Pues bien, ante el nerviosismo y la excitación de unos y otros, sólo una persona destacaba por su tranquila serenidad en la noche electoral: José Luis Rodríguez Zapatero. El líder del PSOE parecía no estar sorprendido de su victoria, sino que la esperaba y con unas sencillas palabras se dirigió a todos invocando una virtud que escasea en los políticos: la humildad. Ahí creo que se ganó la confianza no sólo de muchos de sus votantes más escépticos, sino también de muchos otros que no le habían votado. A partir de este momento creo que Zapatero está asombrando a todos: convierte lo complicado en sencillo y lo oscuro en claro con una sonrisa tranquilizadora en los labios y unos gestos naturales que transmiten confianza.
Como sabemos, el camino de la victoria ha estado repleto de trampas: elecciones a la Asamblea de Madrid, problemas internos en el partido a raíz de la formación del Gobierno tripartito en Catalunya, tensiones debidas al recambio generacional. Todo lo ha ido resolviendo Zapatero con pasmosa serenidad. Tuvo, además, dos grandes aciertos tácticos que, probablemente, a la postre, han resultado clave en el buen resultado final: formar un consejo de asesores de prestigio para visualizar un futuro gobierno que inspirara confianza y arriesgarse a afirmar que no optaría a la presidencia si el PSOE no obtenía un voto más que el PP. El astuto Zapatero, ante las críticas públicas o privadas de muchos de sus partidarios, sólo quería adquirir con estas medidas algo que todavía le faltaba: credibilidad de gobierno.

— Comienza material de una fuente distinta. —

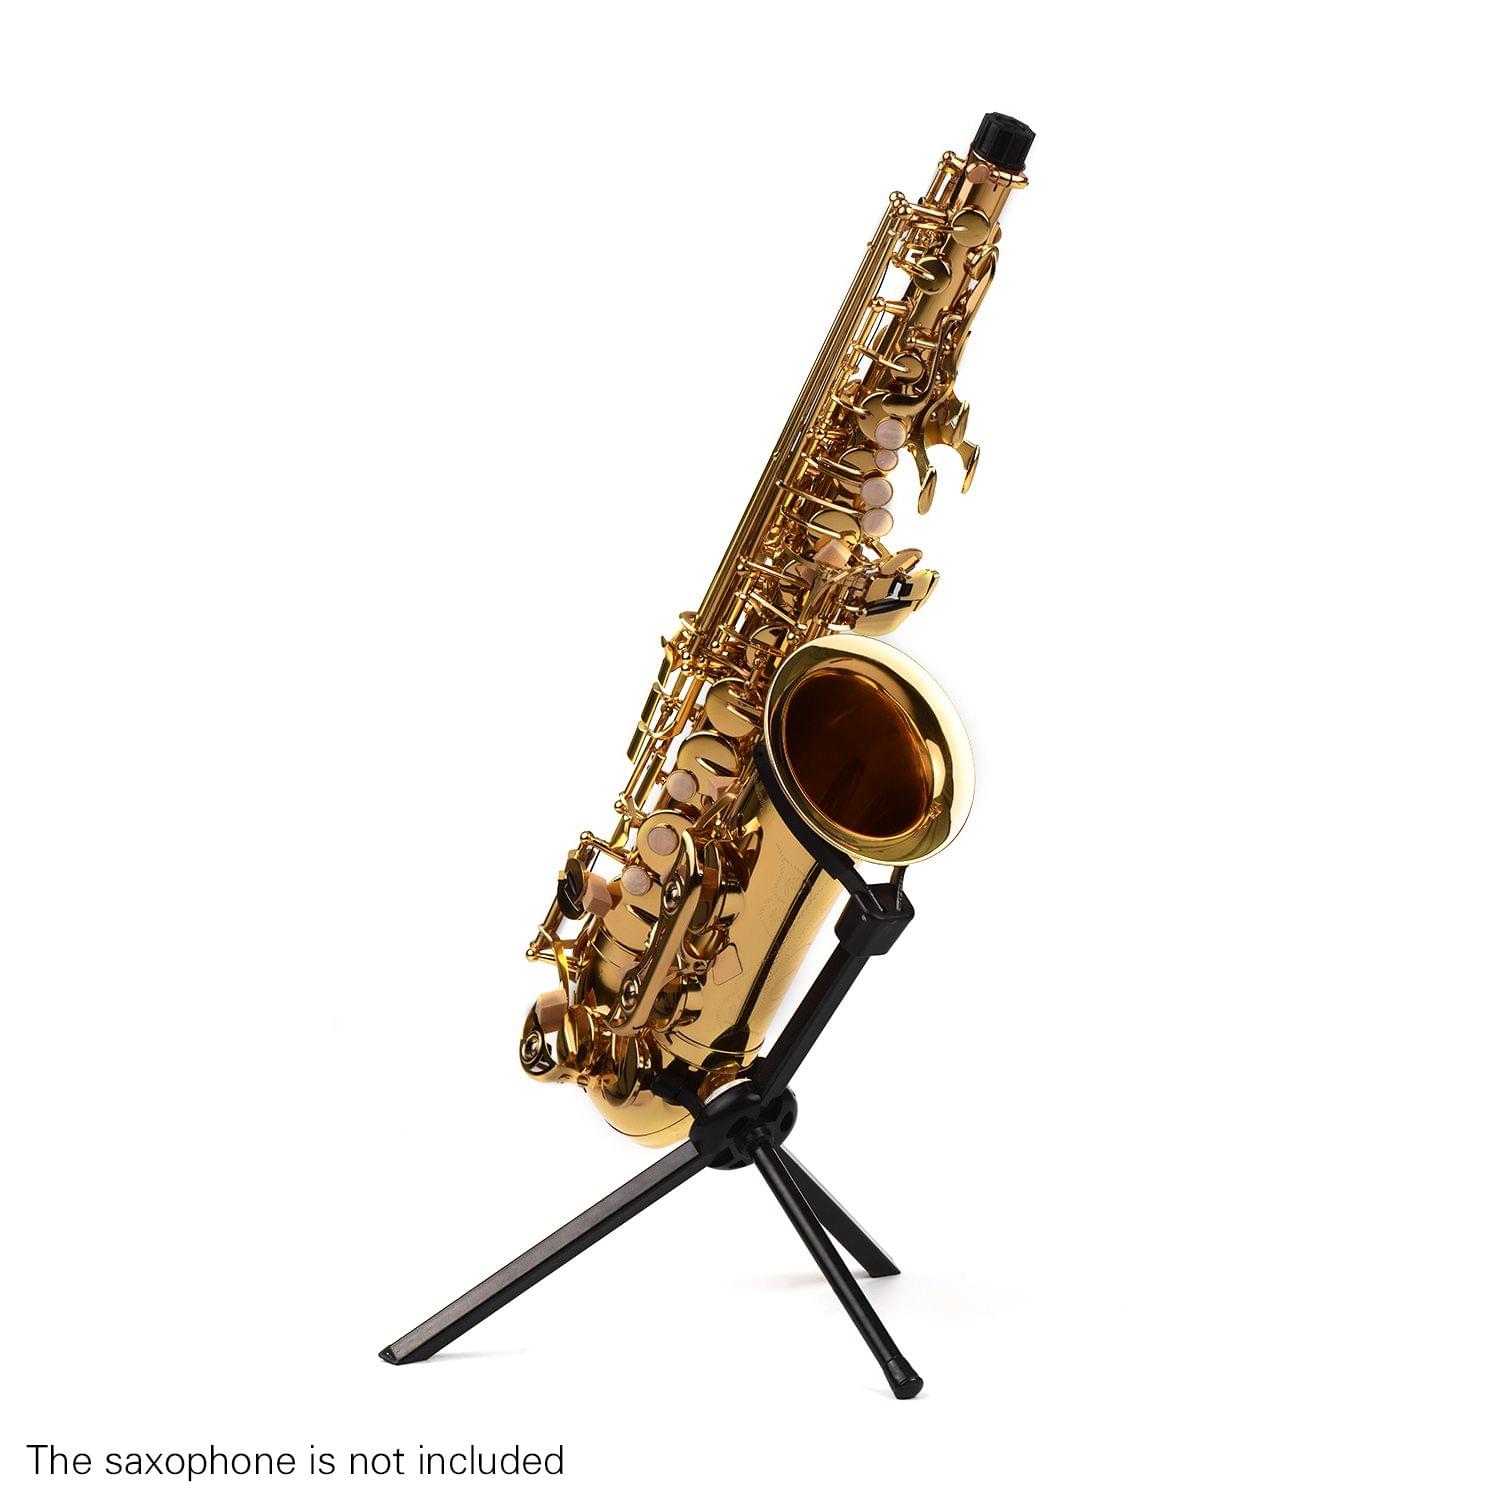 Portable Alto Saxophone Stand Sax Floor Stand Holder - for alto sax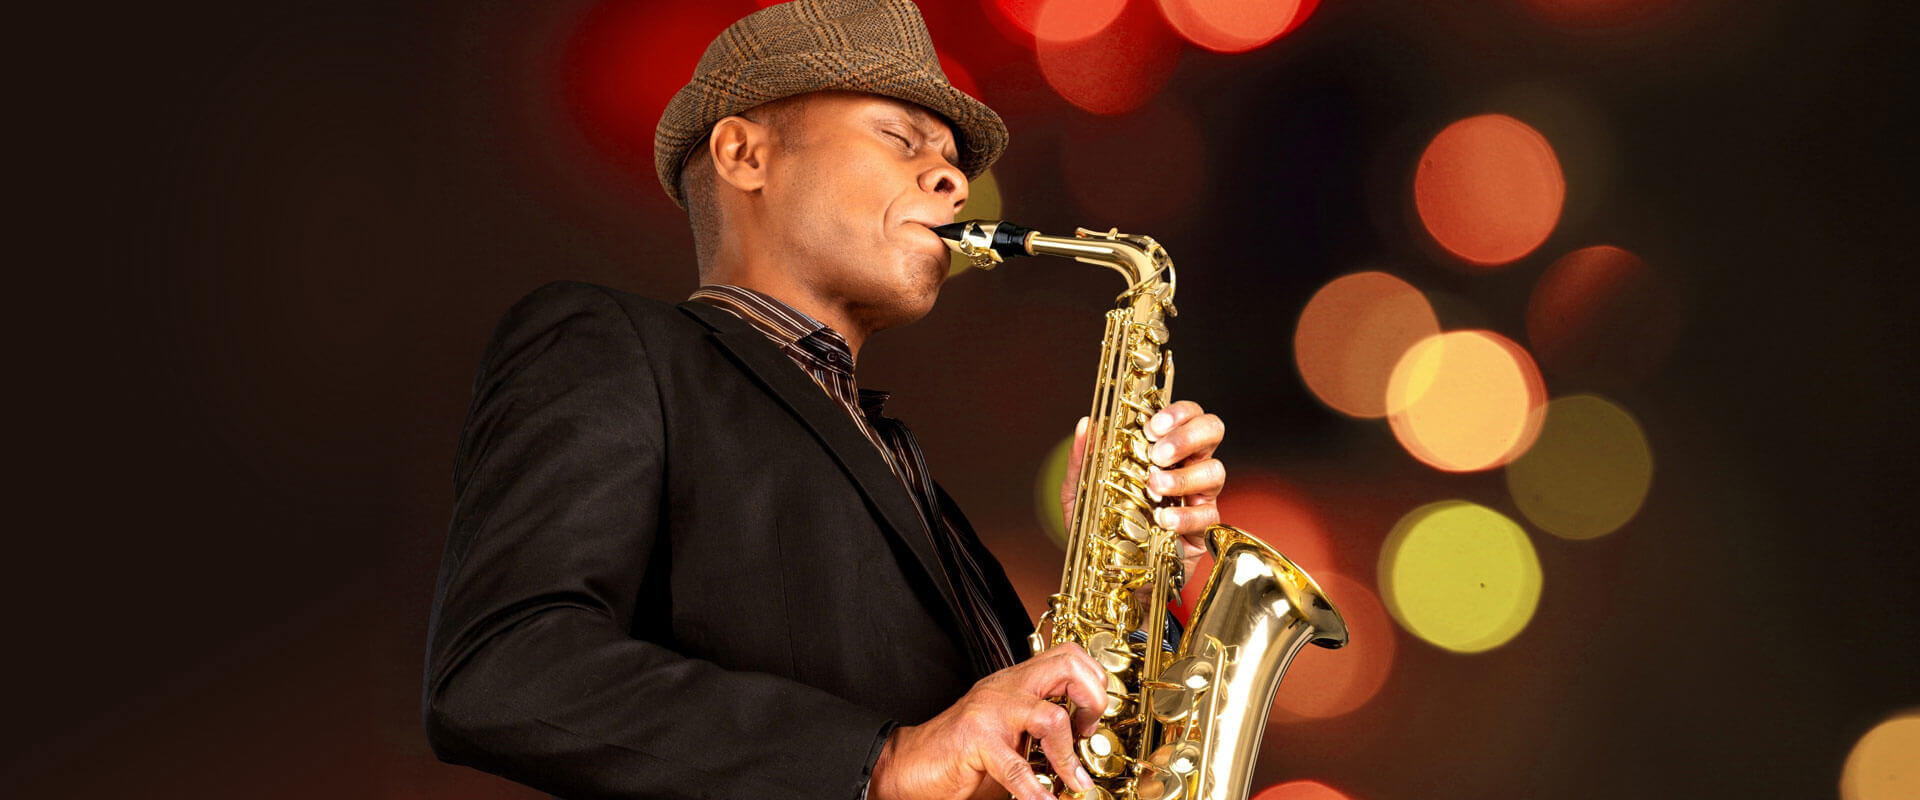 Saxophone Lessons Dallas, NC

Hoy no sólo tiene credibilidad sino también autoridad. Ha demostrado convicciones profundas y capacidad para razonarlas de forma comprensible para todos. Y en las próximas semanas puede lograr cosas prodigiosas. Por ejemplo, que la ONU se haga cargo de la situación en Iraq, que se entre en una nueva etapa de la unidad europea aprobando una nueva Constitución, que haya tantas mujeres como hombres en su Gobierno o que se inaugure una nueva etapa autonómica en la que los presidentes de las comunidades se reúnan periódicamente.

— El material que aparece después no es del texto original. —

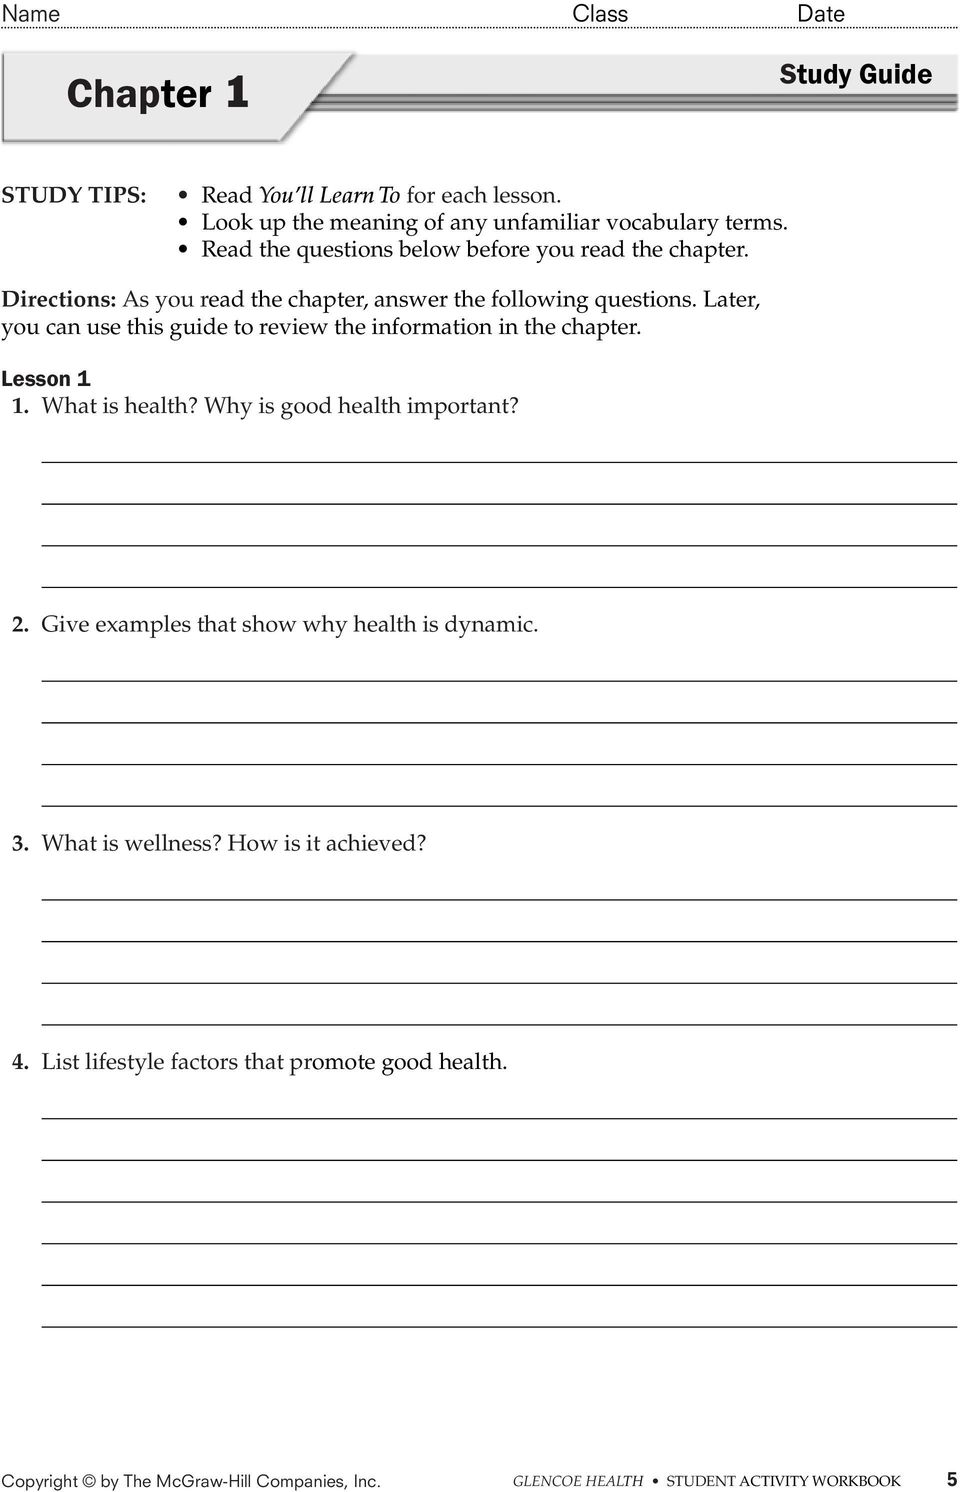 glencoe health student activity workbook pdf

Todo ello lo lleva a cabo Zapatero –que en eso es la contrafigura de Aznar– sin levantar la voz ni torcer el gesto, con la pasmosa facilidad de quien honestamente sabe trasmitir confianza.

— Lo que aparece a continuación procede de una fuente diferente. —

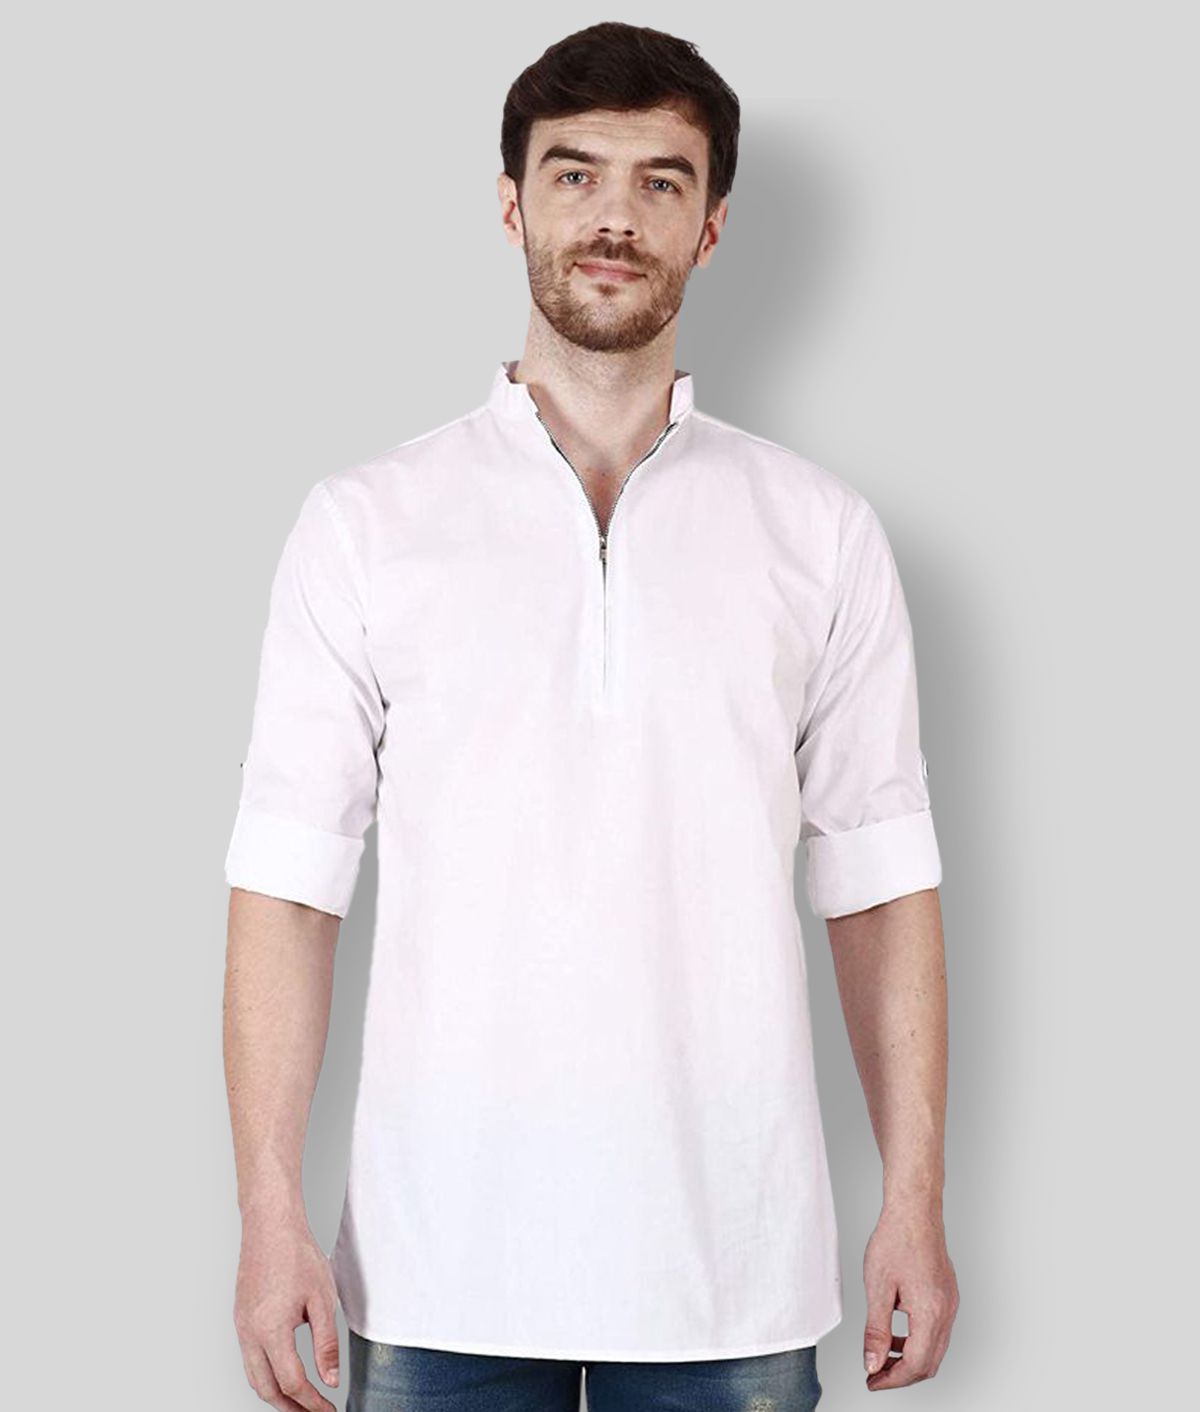 Vida Loca - White Linen Slim Fit Men's Casual Shirt (Pack of 1)

en eso se diferencia la nobleza de la ordinariez......... así que el Sr. Aznar vaya anotando todo lo que le falló en la presidencia....
BEXETS!!
Cuando un lider, nos muestra sus valores y su carisma nos conquista, promete una larga vida política y la vida política, supone gobernar para sabios e ingnorantes, para hombres honestos y para cretinos, para ciudadanos coherentes y para perfectos BOTIFLERS. Carreras, deja de flotar como un corcho... se coherente y no una veleta que gira donde soplan los vientos.